周りの野次馬達は「また貴族様の横暴か」等囁いていた。
「それなら、証拠を出せよ、証拠を!」
「フンッ!どーせすぐどこかに隠したのであろう!こいっ!役人に突き出してやる!いや、それよりも奴隷として働かせてやるか。」
と言って、卑しい笑みをこぼす。
「やめろー!姉ちゃんを放せー!」
恐らくは言い争っている子供の弟なのだろう、姉を取り戻そうと必死だ。
「よし、お前達、コイツらを連れていけ!」
恐らくは、男の護衛か召使いなのだろう、体格の良い男が二人で子供を連れて行こうとする。
「ちくしょー!離しやがれ!」
子供は暴れるが成すすべも無く連れて行かれそうになる。
その時、空から大きな声が聞こえた。
「待ちたまえ!」
「な、なんだ!?」
男達は動揺した。この国では貴族に意見するような平民はいないというのもあるが、空から声が聞こえたのだ。普通はありえない。
すると、空から変身した高志が降りてくる。
登場パターンは前回と同じだ。
「き、貴様・・・、貴族である私に意見するのか!?」
「無論だ。相手が誰であろうと、関係ない。」
高志は平然と答える。
「な、生意気な!」
「さて、この子供達が何をしたのか説明してもらおうか?」
「フンッ、そのガキ共が、ワシの財布を盗んだのだ!だから役人に突き出してやろうしたのだ。」
「では、この子供達が盗んだ瞬間をみたのか?」
「みる必要なんぞない。さっきまでワシの胸のポケットにしまってあったのだからな。それが今はない、近くにこのガキ共がいた。つまり、このガギ共が盗ったというわけだ。」
(・・・盗った瞬間をみたわけじゃないのに、何でこんなに偉そうで断定的なんだか。)
高志は呆れつつも、金属サーチを起動した。子供達にはほとんど反応がなかったが、貴族らしき男の腰の辺りから多くの反応があった。
「では、少し失礼する。」
「な、なんだ、貴様!」
そう言って、高志は、貴族の腰のポケットを漁ると、中から財布がでてきた。
「あ。」
貴族が思わず漏らした。
「どうやら、財布をしまった場所を勘違いしただけのようだな。この子供達は無罪だろう。違うかい?」
「クッ、き、貴様、覚えておれよ!貴族に恥をかかせてタダで済むと思うなよ!」
そう叫ぶと貴族達は早々に去っていった。
野次馬達からは小さな歓声があがる。
「あ、ありがとう。」
子供達はそろって、高志に礼をいう。
姉の方は、照れているのか、一応礼は言っといてやる的な態度で、弟の方は心の底から感謝するような感じだった。特に弟の方は、目を輝かせながら高志を見ており、まさしくヒーローに憧れる少年といった感じだ。

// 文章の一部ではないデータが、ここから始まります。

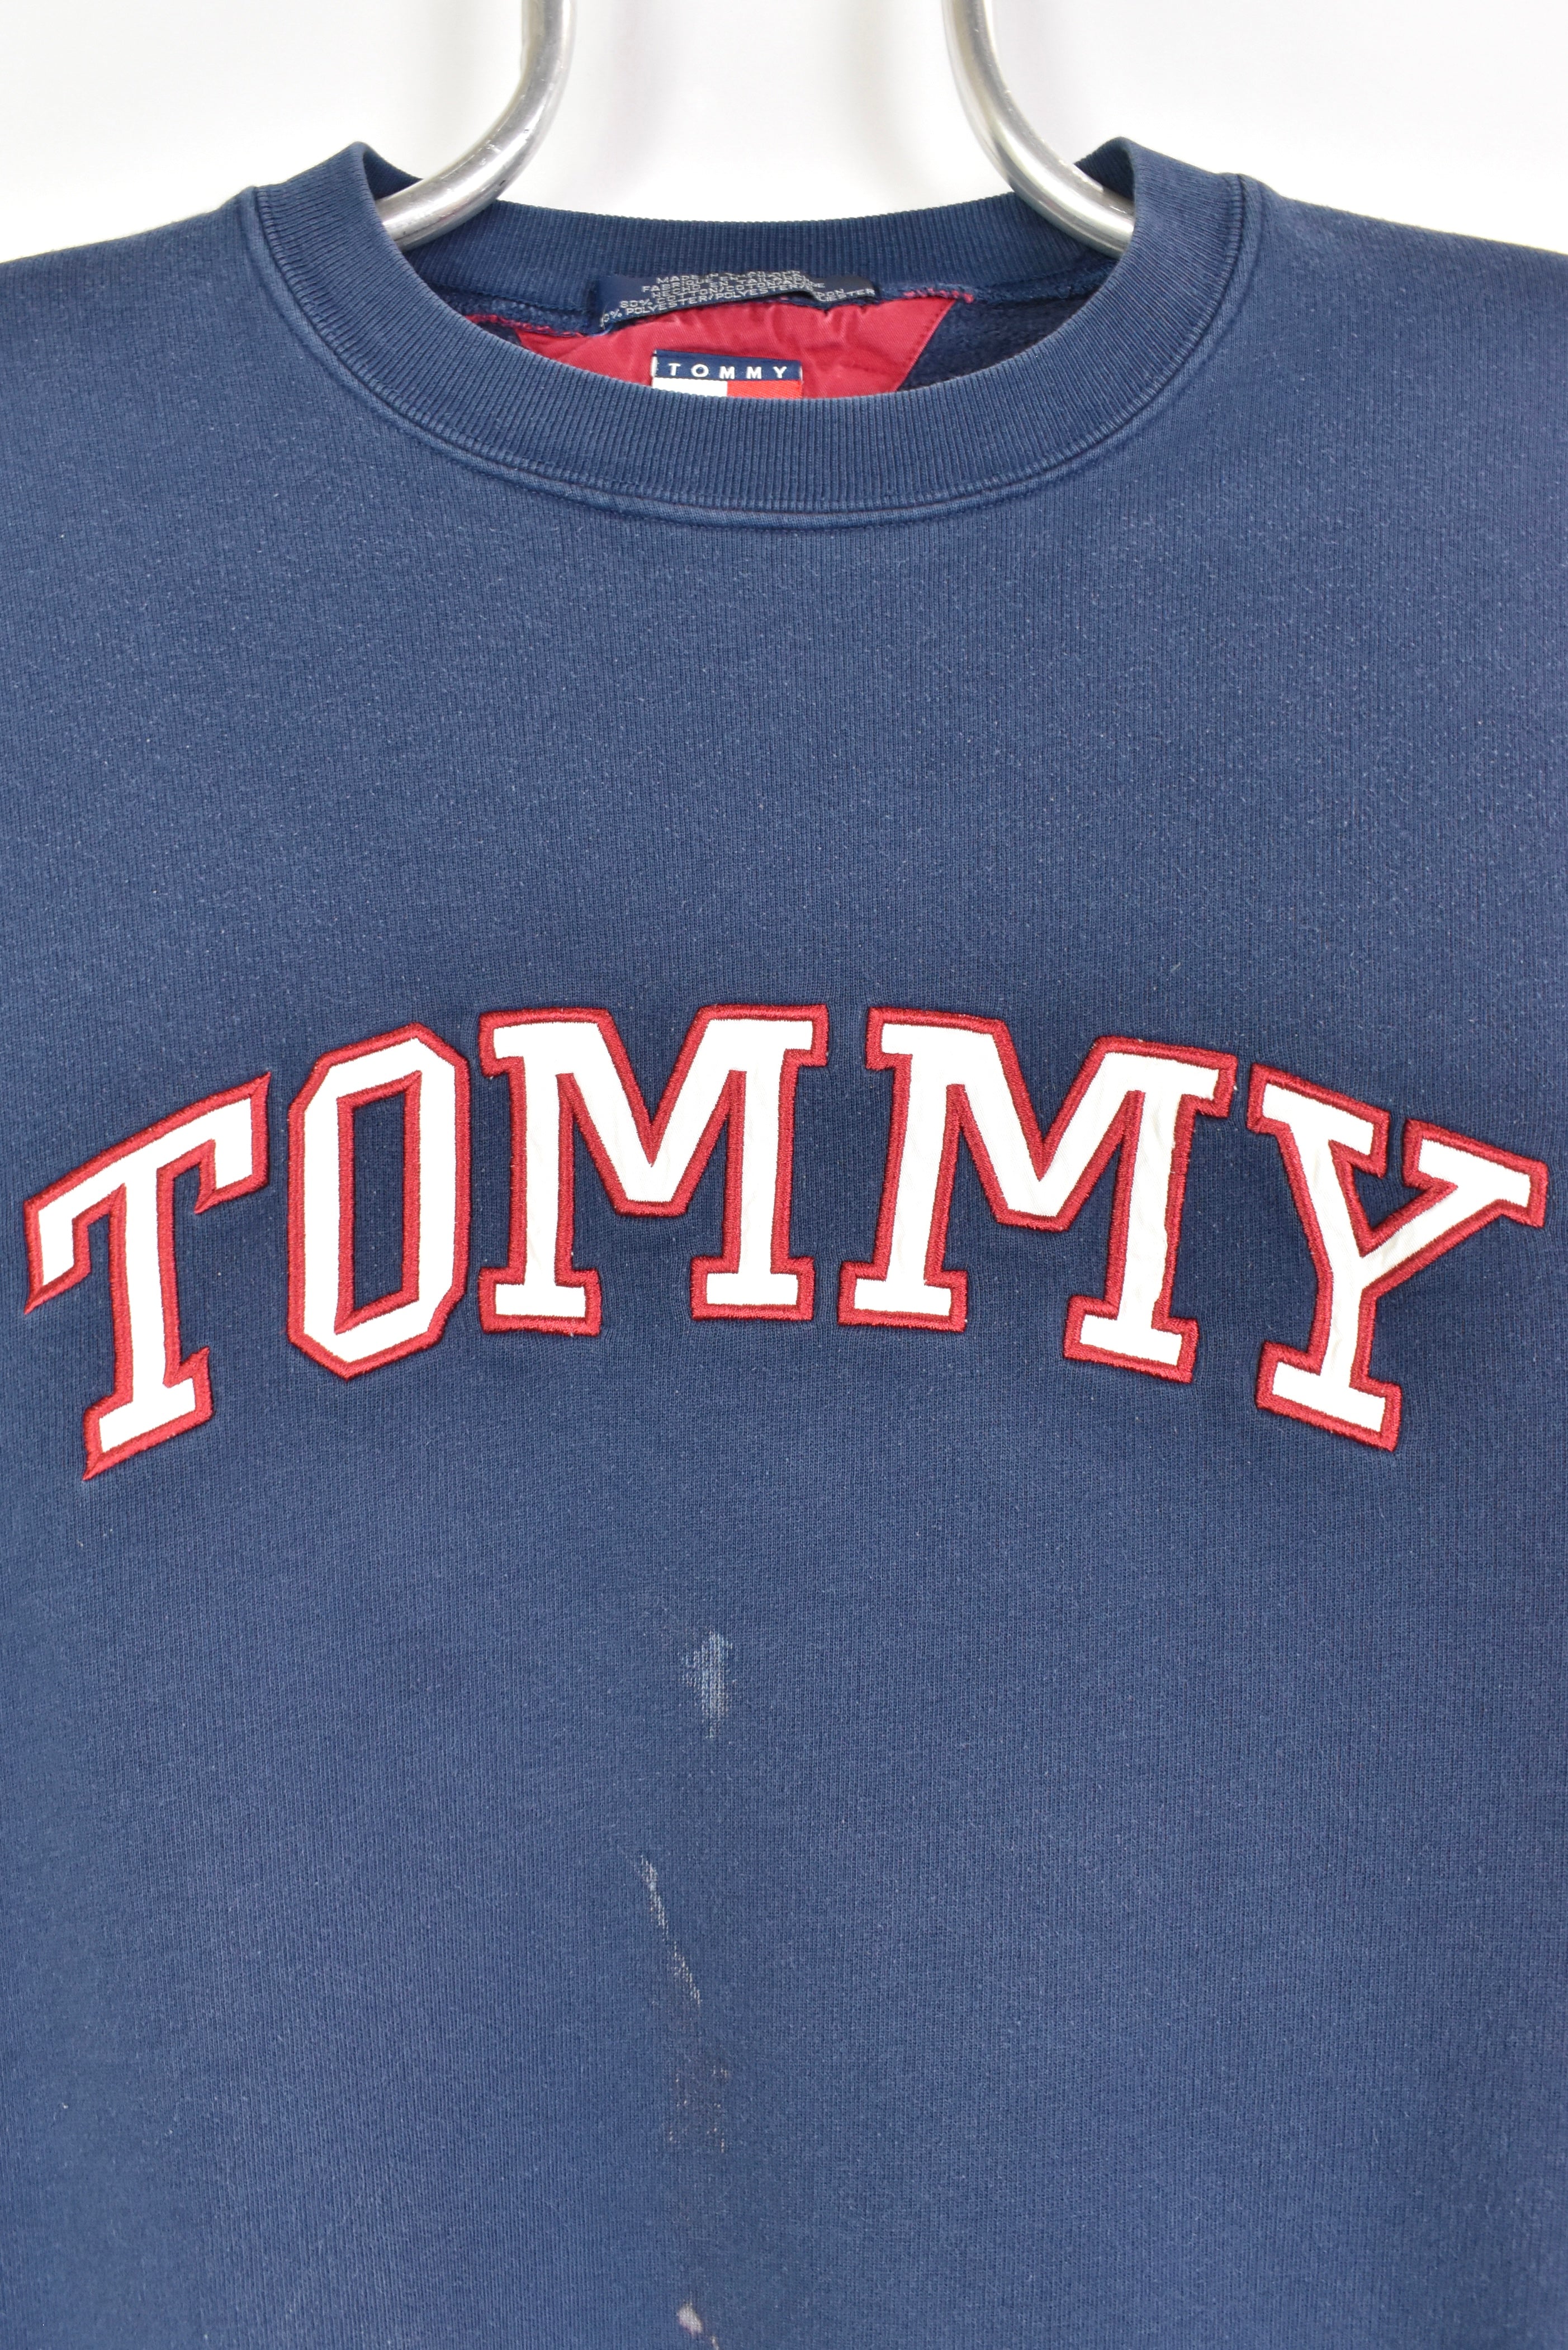 Vintage Tommy Hilfiger sweatshirt, navy blue embroidered crewneck - AU Large TOMMY HILFIGER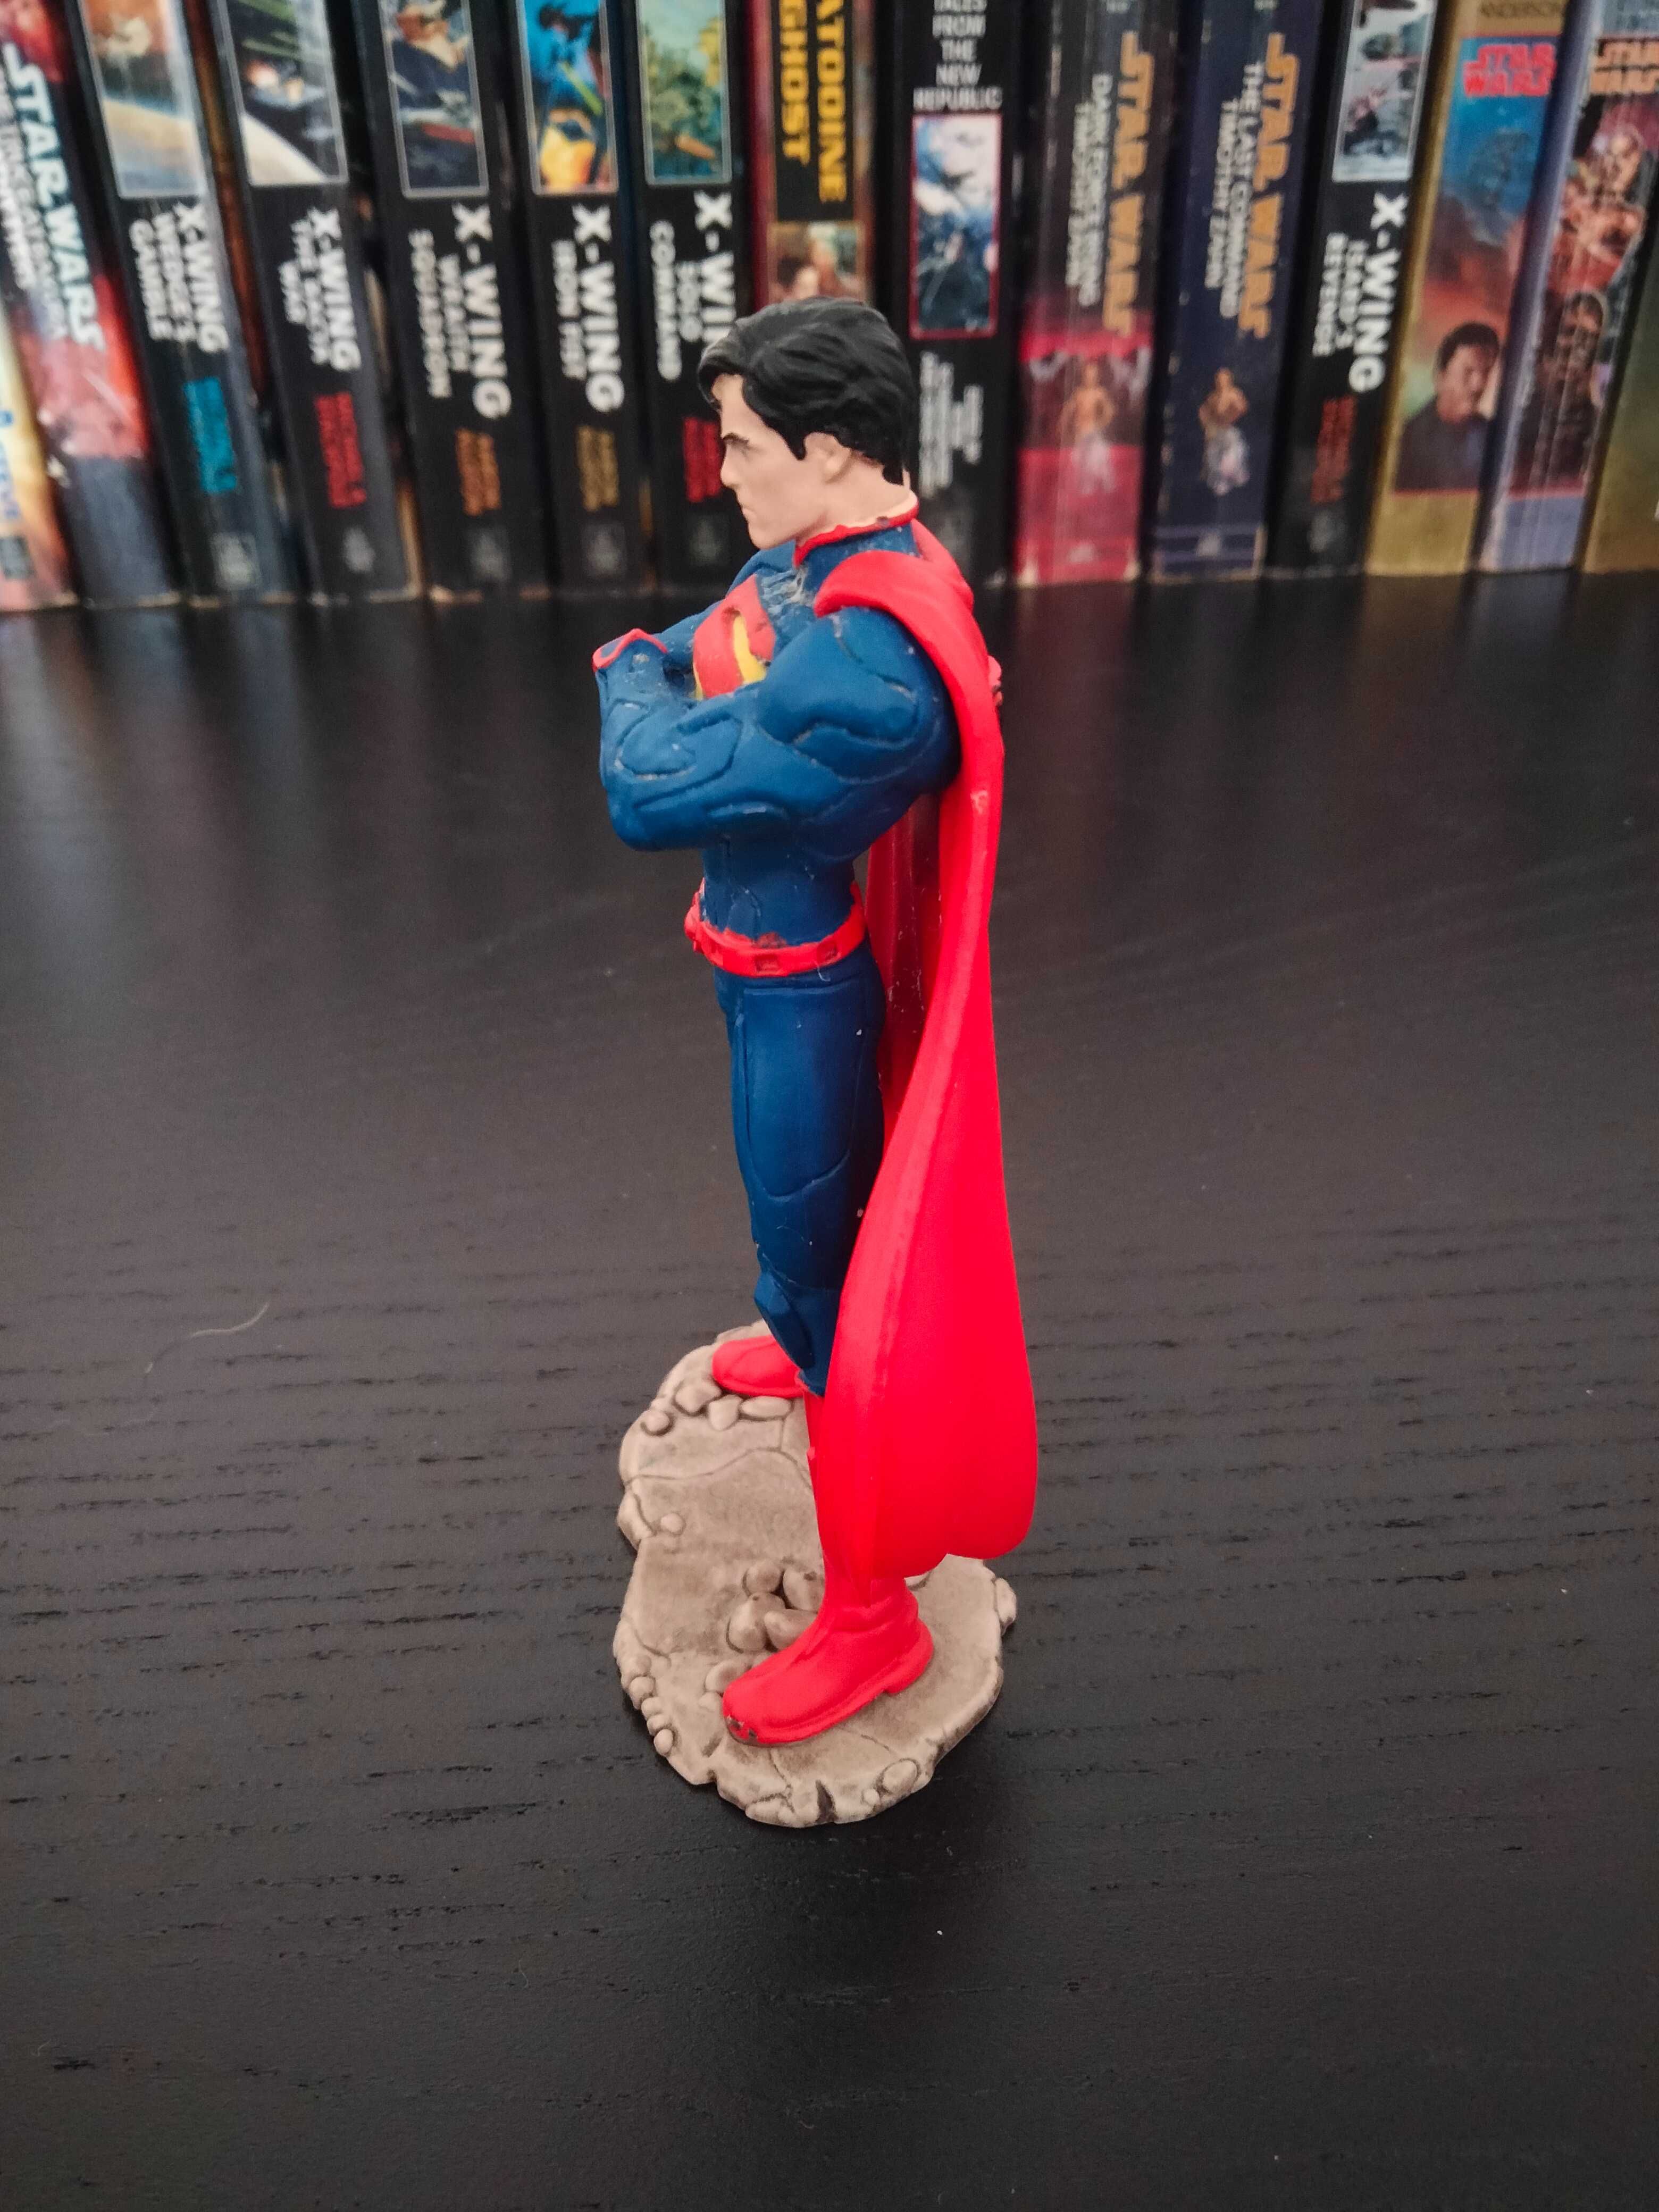 Figura Colecionável "Justice League: Superman" da Schleich

「気にすることはない。ヒーローとして当然のことをしたまでだ。」
そう言って、高志は子供達から少し離れてから、空に飛び上がり、遠くへ消えていった。
野次馬の中には、前回の高志をみている者や、噂を聞いていた者がおり、ヒーローが再び現れたことで更なる噂が広がることになる。
ここ最近は大きな事件もなく、退屈だった王都では、ヒーローの話題で持ちきりになるだろう。